The eggs will hatch typically in a day or two depending on tank temperature and conditions and the fry will become free-swimming after around five days after hatching. Keep the tank unlit for the first week or so then gradually increase the lighting. Bear in mind that the eggs and fry of a fish as small as the Blue Danio will be tiny indeed so you may need to use a magnifier “app” on your smartphone to see anything at all.
The newly hatched fry will feed firstly on their yolk sac but, once free-swimming, can be fed infusoria (particularly rotifers) and will also thrive on egg yolk during the first two to four weeks. It is worth mentioning that immediately after hatching, fry seem quite vigorous but will soon go into a resting state before they become free-swimming so please don’t mistake this initial stage as being free-swimming.
Once the fry are free-swimming and their yolk sacs are depleted, then add baby brine shrimp. Once the fry are sufficient in size not to be treated as a snack then they can be introduced into the community tank where they will join the existing shoal. Before moving the adolescent fish into the community tank ensure that you have balanced the water temperatures to mitigate the risk of White Spot or other diseases being triggered.

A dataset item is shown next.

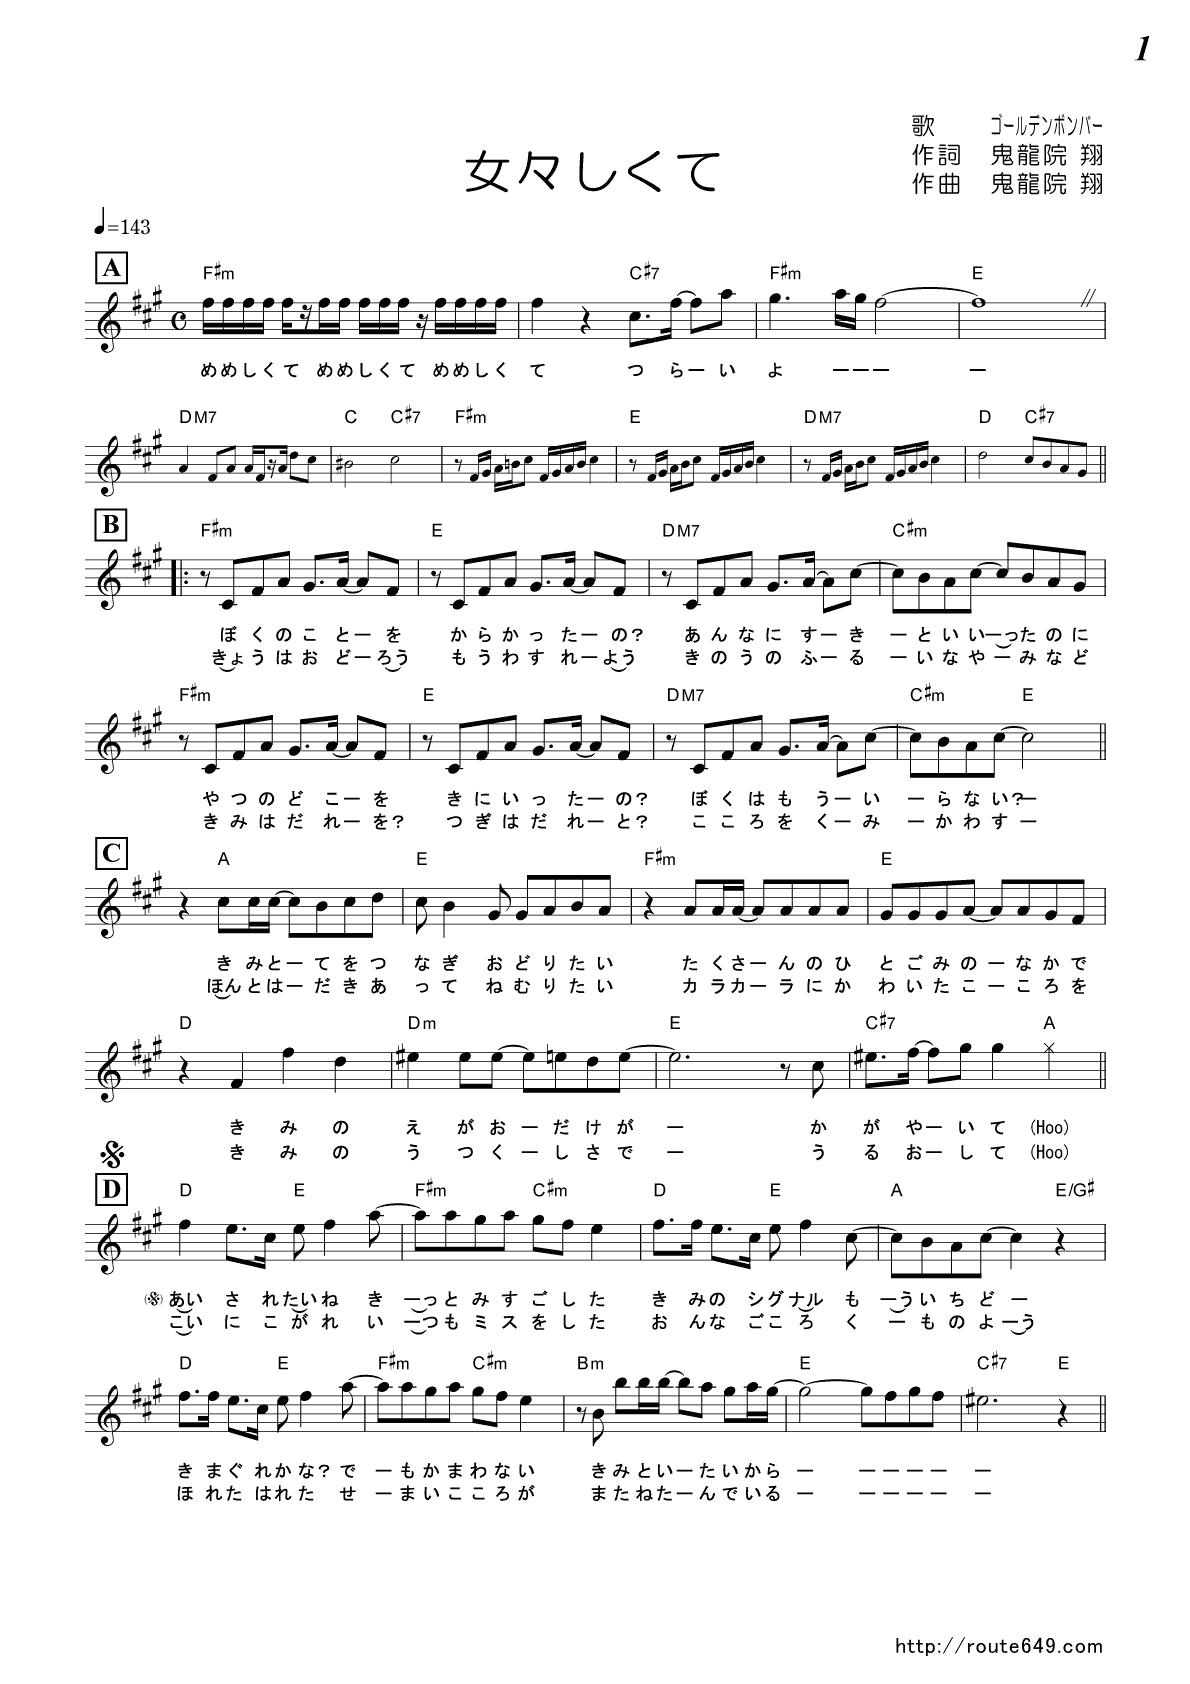 女々しくて」の楽譜/ゴールデンボンバー

Unless you are breeding commercially, you may wish to consider moving the fry into the community tank sooner rather than later. It may seem harsh but the adult fish in the tank will deal with any fry that are unlikely to survive to adulthood in the wild and you are synthesizing, to the best of your ability, a wild environment. The fittest fry will probably survive whilst the rest will be dealt with by the community.
Should your Blue Danios have a special diet for breeding?
Adult Blue Danios don’t need any particular inducement to breed. That said, it has been suggested that adding baby brine shrimp, mosquito larva may encourage them, presumably because the addition of a new food may “fool” the fish into thinking that it is breeding time. From my own experience, I would always recommend keeping all of your fish in the best possible condition at all times, as this is good for the wellbeing of your fish.